The present invention relates to a novel and useful video display system.
Presently, producing video images is chiefly accomplished by the use of a cathode ray tube. Although successful in many aspects of the video technology, cathode ray tubes possess a number of disadvantages in that cathode ray tubes are not easily scaled upwardly in size. This is due to the fact that the weight of the vacuum tube becomes unmanageable with an increase in size, commensurate with a large increase in the cost of manufacture. However, cathode ray tubes produce a very high quality video image, via the fluorescing or phosphor display. Moreover, cathode ray tubes exhibit high brightness, speed, contrast, resolution, and color purity.

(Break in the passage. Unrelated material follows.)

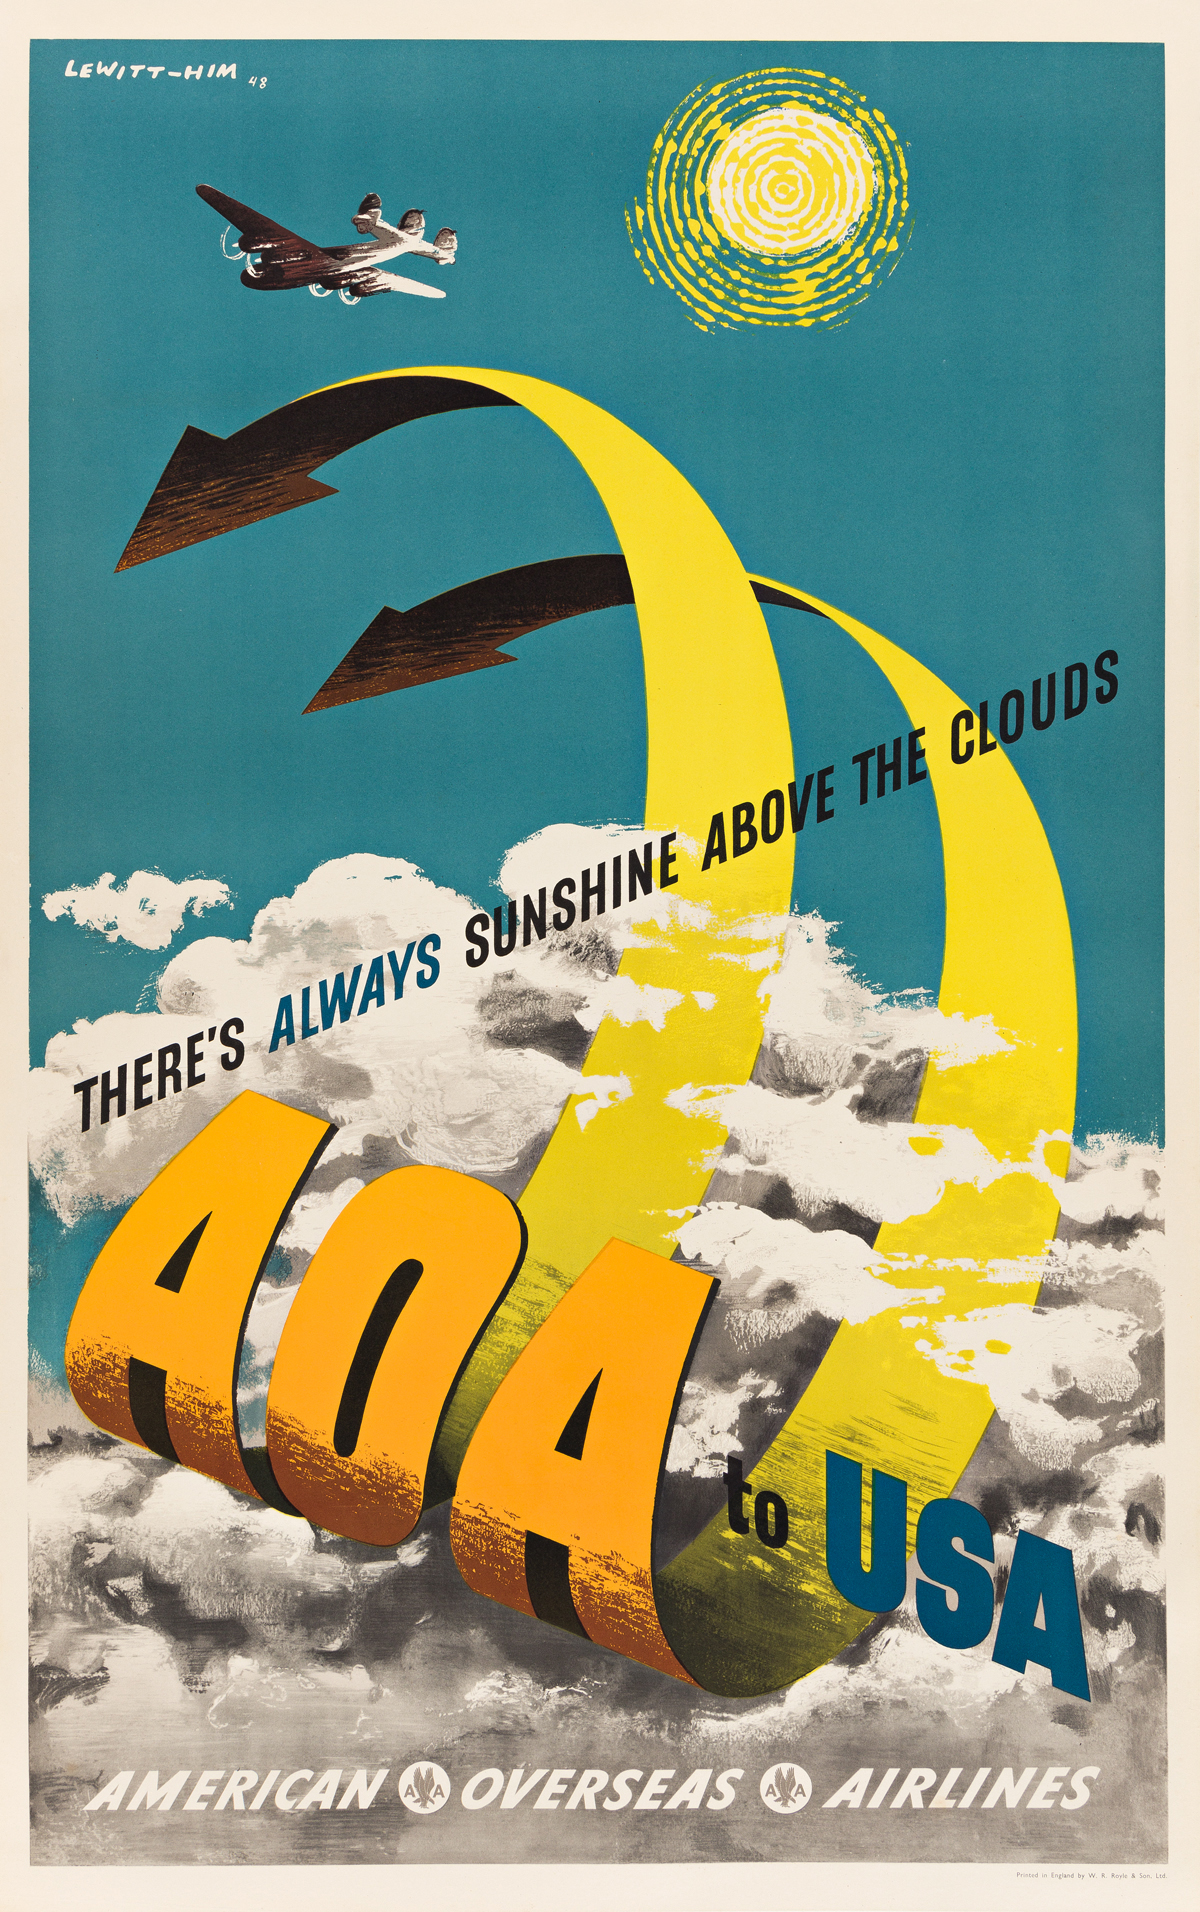 LEWITT-HIM (JAN LEWITT, 1907-1991 & JERZY HIM, 1900-1981).  AOA TO USA / AMERICAN OVERSEAS AIRLINES. 1948. 38x24 inches, 96½x63½ cm. W.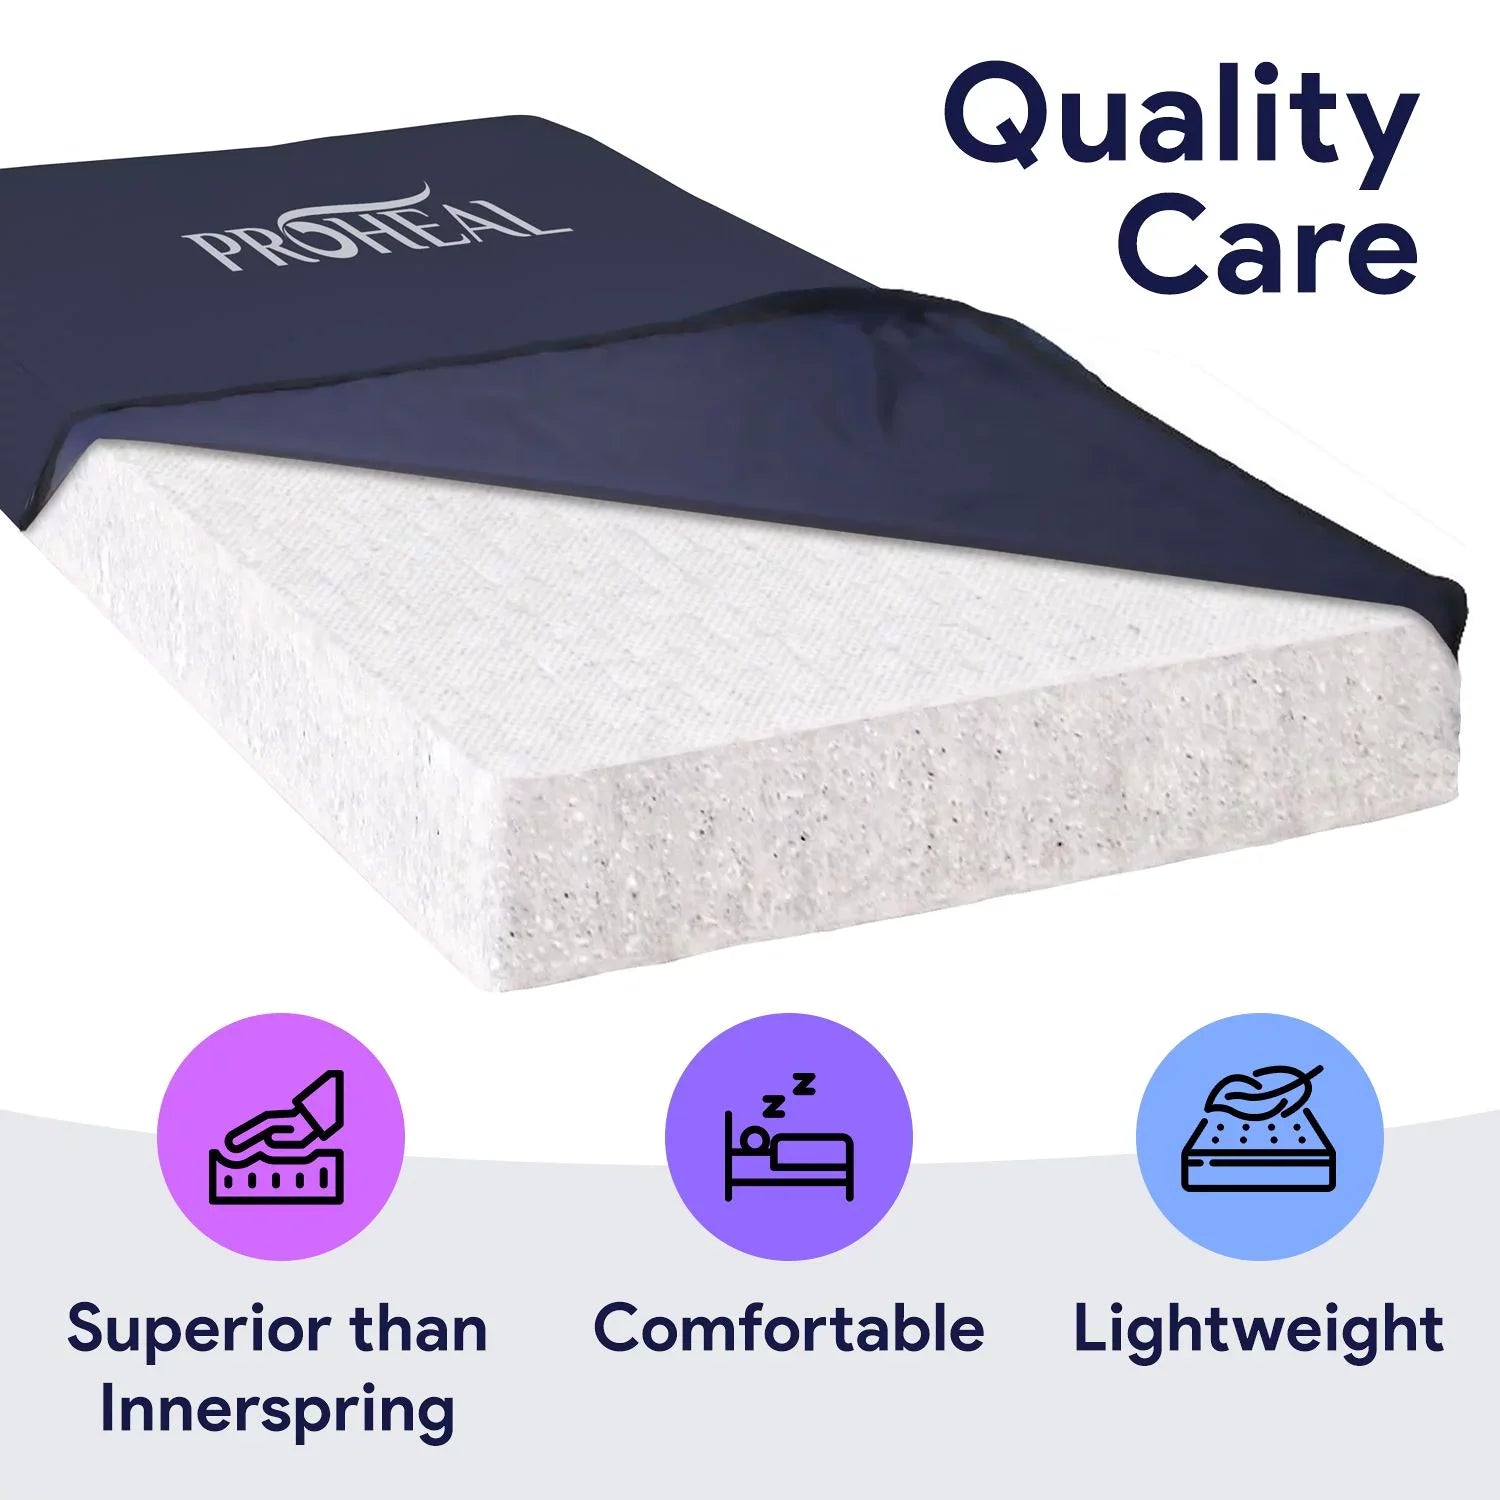 Densified Fiber Hospital Bed Mattress - Bed Sore Prevention ProHeal

Liquid crystal displays (LCD) are lightweight and are capable of producing a video image on a flat screen. Unfortunately, the LCD technology produces a video image of low brightness, low efficiency, and low color purity, which has been described as a "washed-out" look. In addition, the LCD video image possesses low resolution and is not susceptible to wide-angle viewing since the Lambertian effect is not inherent in LCD displays. Moreover, LCDs are slow to display an image and are not cost effective.
Image intensifiers have been proposed such as that found in U.S. Pat. No. 5,029,009 where light is passed through a lens to focus the same onto a substrate having an array of gating electrodes mounted thereupon. An electrode array and substrate are transparent to light in order to allow the light to pass to a photocathode. Thus, adaptive range gating is accomplished using a single imaging camera.
U.S. Pat. No. 3,864,595 describes an image intensifier tube having a photocathode element which converts incident radiation into corresponding electron images. A microchannel plate multiplies the electron image and sends the same to a phosphor screen to convert the electron image to a corresponding radiation image for viewing. The electron image is easily turned "on" and "off" by selectively applying a gating signal to the photocathode element.
U.S. Pat. No. 4,142,123 describes an image display device utilizing a photocathode, multiplier diodes, and an anode electrode in a cathode luminescent screen. The anode electrode is constructed of a material which exhibits slow fluorescence to permit emission of light energy after excitation has ceased. Electrons created in the discharge strike of the anode electrode are directed to the photocathode where they are converted into free electrons. Rapid initiation of subsequent electrical discharges is ensured by such free electrons.
U.S. Pat. No. 5,160,565 describes an image intensifier utilizing a fiber optic bundle which receives an image at one end and produces an intensified image at the other end of the bundle.
U.S. Pat. No. 3,742,285 teaches an image intensifier display system where a display tube having a fiber optic input window includes an electron emitting surface. Electrons impinge on a display window of larger diameter having a phosphor coated surface to provide a magnified image of a scene being viewed.
U.S. Pat. No. 4,694,171 describes an electron microscope imaging system which employs an image intensifier that receives light emitted from an image that is excited by an electron beam.
U.S. Pat. No. 4,213,055 shows an image intensifier tube which utilizes an entrance detection screen mounted in an envelope adjacent to an entrance window. An electron optical system also mounted in the envelope images electrons which pass to an exit screen in the envelope, resulting in a viewable video image.
U.S. Pat. No. 4,974,089 teaches a television camera in which an index rod lens is employed to relay a light image from an image intensifier to a filter which is coupled to a focal plane array assembly.
U.S. Pat. No. 3,757,351 illustrates an electro static printing system where light is reflected from a document, passed through a lens, and intensified by a container having a photocathode placed on a glass substrate. The cathode converts the photon image to an electron image which then passes through a microchannel plate and sends the image to a dielectric target in the form of an electrostatic charge. The electrostatic charge is then used to print a document.
A video display system which is capable of intensifying an image from a video source accurately and efficiently to produce a video display of very high quality would be a notable advance in the electronics field.